Privacy Policy

Effective date: 01/31/2026
Organization: CaraCo
Contact: drcarademono@gmail.com

Overview (VRC.Quest.Privacy.1)

This Privacy Policy is managed by CaraCo and explains what data ArtQuest VR (“the App”) processes, how it is used, and how you can request deletion of user data. This Policy applies to the App as distributed on Meta Quest headsets.

The App uses Meta Horizon Platform features and Photon for multiplayer networking. The App also uses CaraCo-operated online services (Cloudflare + Google Cloud + Supabase) to deliver artwork assets and text metadata.

What Data We Process (VRC.Quest.Privacy.2)

A) Meta Horizon Platform data (required for platform features)
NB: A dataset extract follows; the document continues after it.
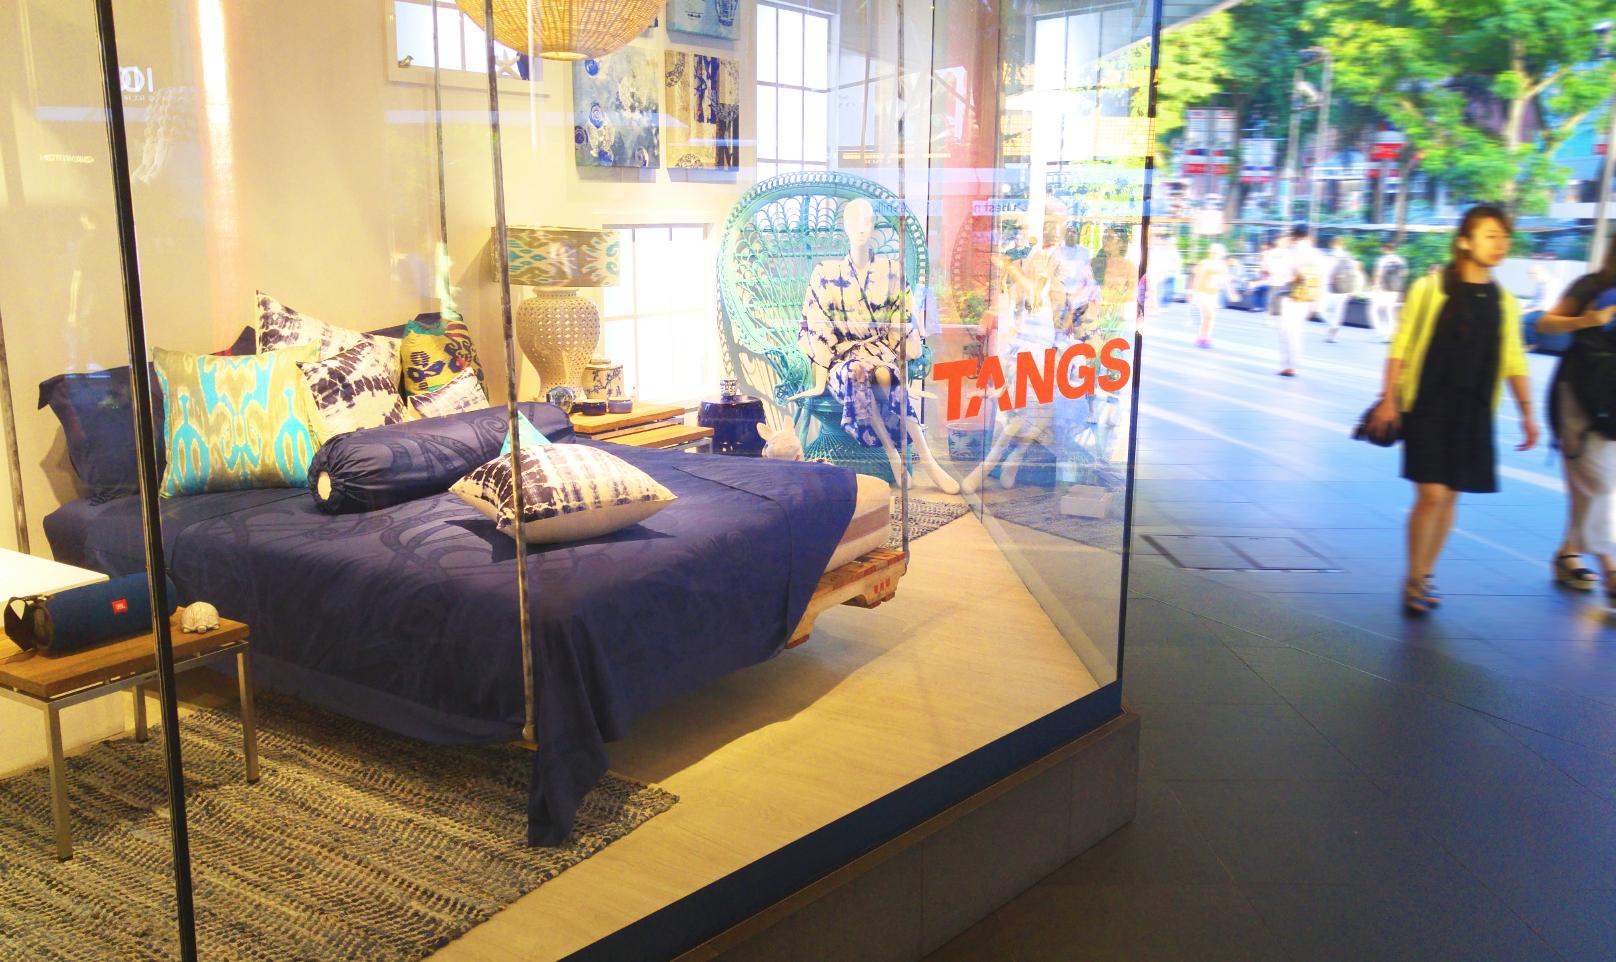 Tangs 2016 Summer Window Display

If you use platform features (for example: invites, parties, deep links, user profile, avatars), the App processes categories of data provided by Meta Horizon Platform services, including:

USER_ID: an app-scoped Meta user ID used to identify your user for platform and multiplayer features.
USER_PROFILE: profile-related fields made available by Meta for the features you use (for example, display name/handle).
FRIENDS: friend-related data used for social features (for example, inviting friends or displaying friend-related UI where applicable).
AVATARS: avatar-related data used to render your avatar (or avatar-related identifiers/assets) if the App’s avatar features are enabled.
INVITES / PARTIES / DEEP_LINKING: invite/party/deeplink launch details used to create or join sessions, route you to the correct room/session, and carry an invite payload (for example, what gallery or page to open).

How we handle it:

The App uses this data in real time to provide the feature you requested (for example, joining an invite/party, showing your name in-session, rendering avatars).
CaraCo does not sell this data.
Unless stated otherwise in this Policy, CaraCo does not store this Meta Horizon Platform data on CaraCo-operated servers beyond what is transiently necessary to operate the feature.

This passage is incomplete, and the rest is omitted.